Santoyo, who served as the Head of Security for ex-President Álvaro Uribe, had been extradited to the US and was incarcerated for eight years after he was found to have been connected to the United Self-Defense Forces of Colombia, AUC, which it designated as a terrorist organization. He now faces additional charges as new allegations emerge after being repatriated last year.  

Martha Soto, the director of the Investigative Unit of El Tiempo, a prominent Colombian newspaper that broke the story of Santoyo’s U.S. indictment in 2012, explained to OCCRP that the US case – where he was found to have received bribes in exchange for helping traffic large shipments of drugs into the U.S. – ultimately led Colombian authorities to investigate it themselves years later.  

Prosecutors now allege that Santoyo was paid roughly US$833,000 by “La Oficina (The Office)” – originally founded as an enforcement and collection entity of Pablo Escobar’s Medellin cartel – and members of the AUC to release members of its organization and provide intel on the operations of Colombian security forces. 

“[According to allegations] Santoyo delivered classified and intelligence information to the high command of the AUC and to the 'office' about the investigations on cartels and activities of various mafia groups carried out by Colombian authorities that were working with the United States and England,” Soto told OCCRP. 

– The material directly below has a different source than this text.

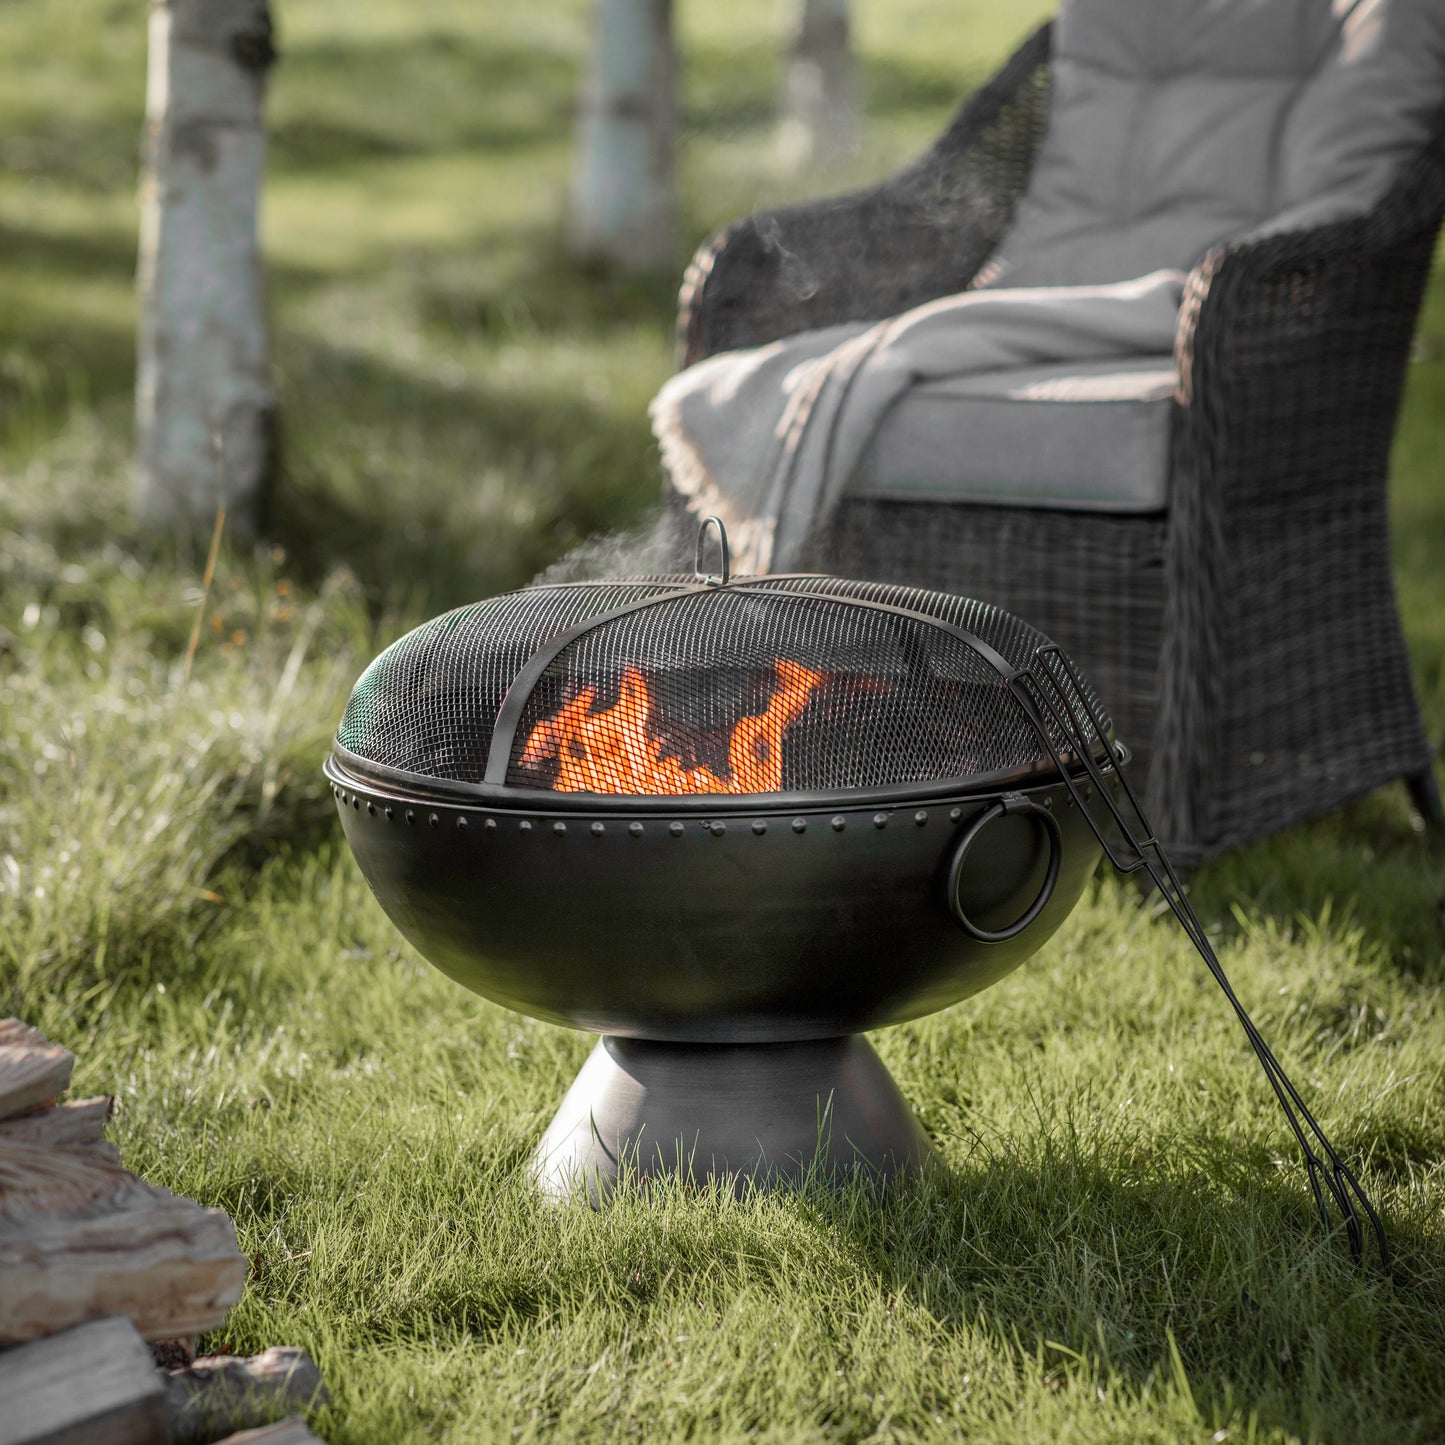 A Diptford Firepit from Kikiathome.co.uk, a home furniture and interior decor retailer, placed in the grass beside a chair.

Upon returning to Colombia last year, Santoyo was also investigated for being involved in the disappearance of members of Asfaddes, a civil advocacy group that represents the families of people who have been detained or gone missing, and for allegedly aiding in the cover-up of a murder of a journalist. 

This is not the first member of the Uribe administration who was found to have been connected to the AUC – a number of aides, including his cousin, were found guilty of having ties to the paramilitary group.  

Uribe, who served as president from 2002 to 2010, and was awarded the Presidential Medal of Freedom by U.S. President George W. Bush in 2009 – the highest civilian award – for his effort in defending democracy and human rights, has warded off investigations into the possibility that he may have been connected to the AUC as well.  

The ex-President is currently under investigation for his alleged link to several massacres committed by paramilitaries while serving as a governor of Antioquia, and is also being probed for allegedly bribing and threatening ex-paramilitaries into making false accusations about a political opponent.

His brother, who has been under arrest since 2016, is also being investigated for his links to a paramilitary group. 

In response to a criminal probe that was opened by Colombia's attorney general’s office in 2013 that investigated the former president’s alleged links to the AUC, he said that these accusations were baseless, and were likely "criminal vengeance" by imprisoned drug-dealing paramilitaries.

Soto told OCCRP that the Santoyo case does not necessarily incriminate the entire Uribe administration, but that this recent development may serve as just the tip of the iceberg in regard to the criminal investigations that might indict high-ranking officials for their links to the AUC. 

“Several extradited paramilitary chiefs, such as Salvatore Mancuso, have handed over to the United States justice system, lists, still unpublished in Colombia, about links with officials from both the Army and the Police who will have to be investigated,” Soto said.